Nathaniel Godolphin Burslem VC (2 February 1837 – 14 July 1865), born in Limerick, Ireland; was by birth both Irish and by descent English recipient of the Victoria Cross, the highest and most prestigious award for gallantry in the face of the enemy that can be awarded to British and Commonwealth forces.

History and career 
Burslem was born 2 February 1836 in County Limerick, Ireland, the son of George James Burslem of the 94th Regiment of Foot and Susan (née Vokes), of Limerick (married Dublin 15 March 1836). His father was English, and traced his family back to the town of Burslem in Staffordshire. His grandfather was Colonel Nathaniel Godolphin Burslem who was awarded the Gold Medal - the forerunner of the VC Medal. 

On 21 August 1860 at the Taku Forts, China, during the Second China War Lieutenant Burslem, then aged 24 and serving in the 67th Regiment of Foot, British Army, and Private Thomas Lane of his regiment displayed great gallantry for which they were both awarded the VC. They swam the ditches of the North Taku Fort and attempted, during the assault and before an entrance had been effected by anyone, to enlarge an opening in the wall, through which they eventually entered. In doing so, they were both severely wounded.

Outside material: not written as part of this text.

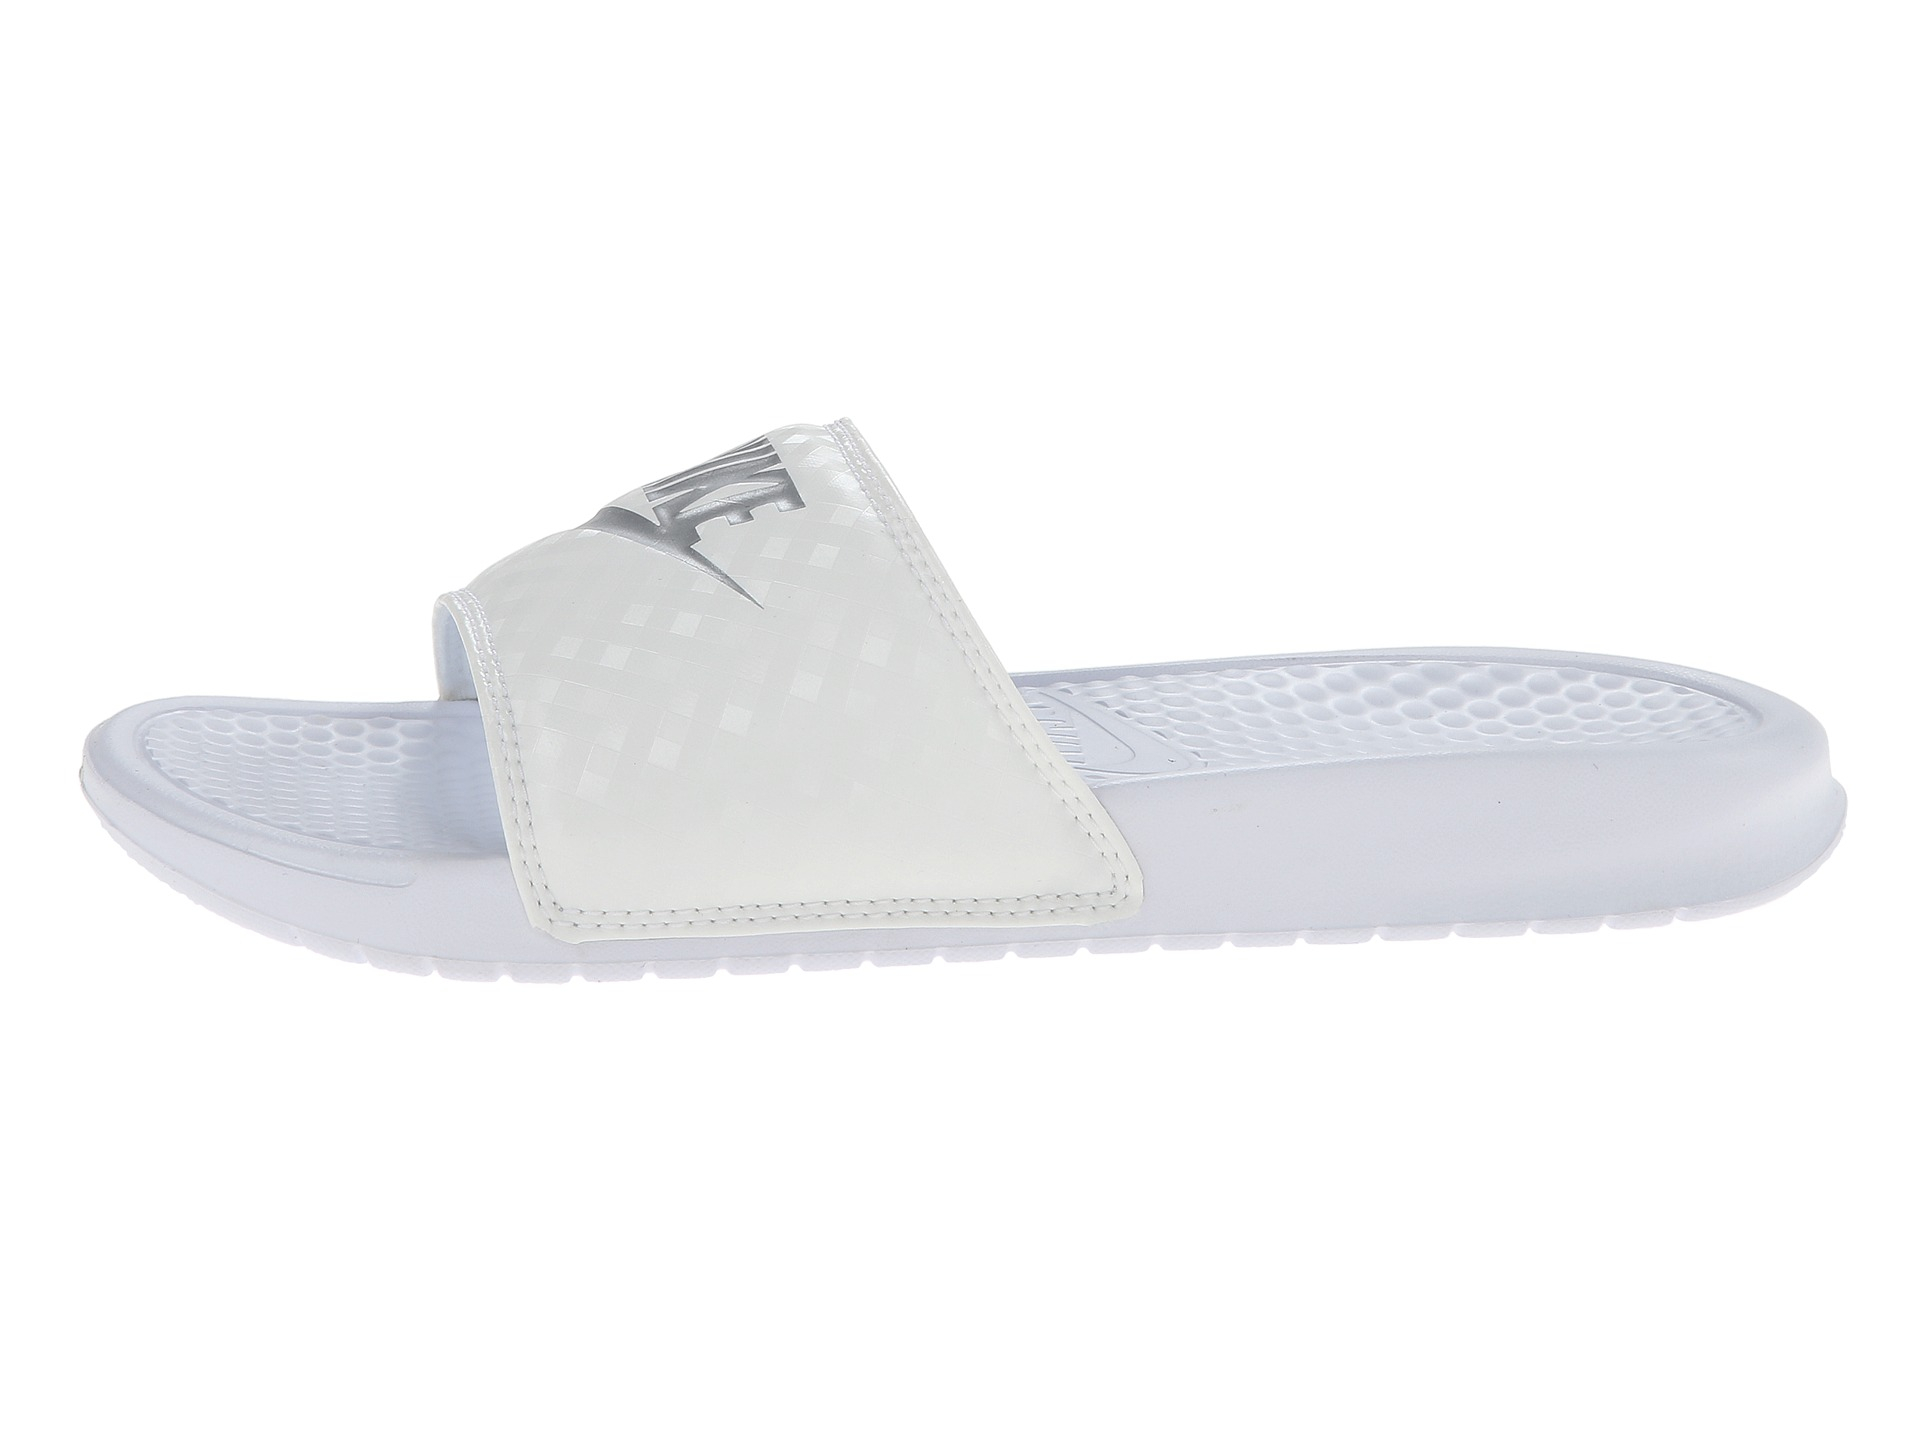 Nike Benassi Jdi Slide in White (White-Metallic Silver) | Lyst

His Victoria Cross is displayed at The Royal Hampshire Regiment Museum & Memorial Garden, Winchester, England. He later achieved the rank of captain before selling his commission and sailing, along with his brother John Godolphin Burslem, to New Zealand. He arrived in 1865 and bought land in the North Island and was planning to grow flax, but he and an acquaintance capsized their canoe on the Thames River, both drowning on 14 July 1865. His body was not recovered.

References

Listed in order of publication year 
The Register of the Victoria Cross (1981, 1988 and 1997)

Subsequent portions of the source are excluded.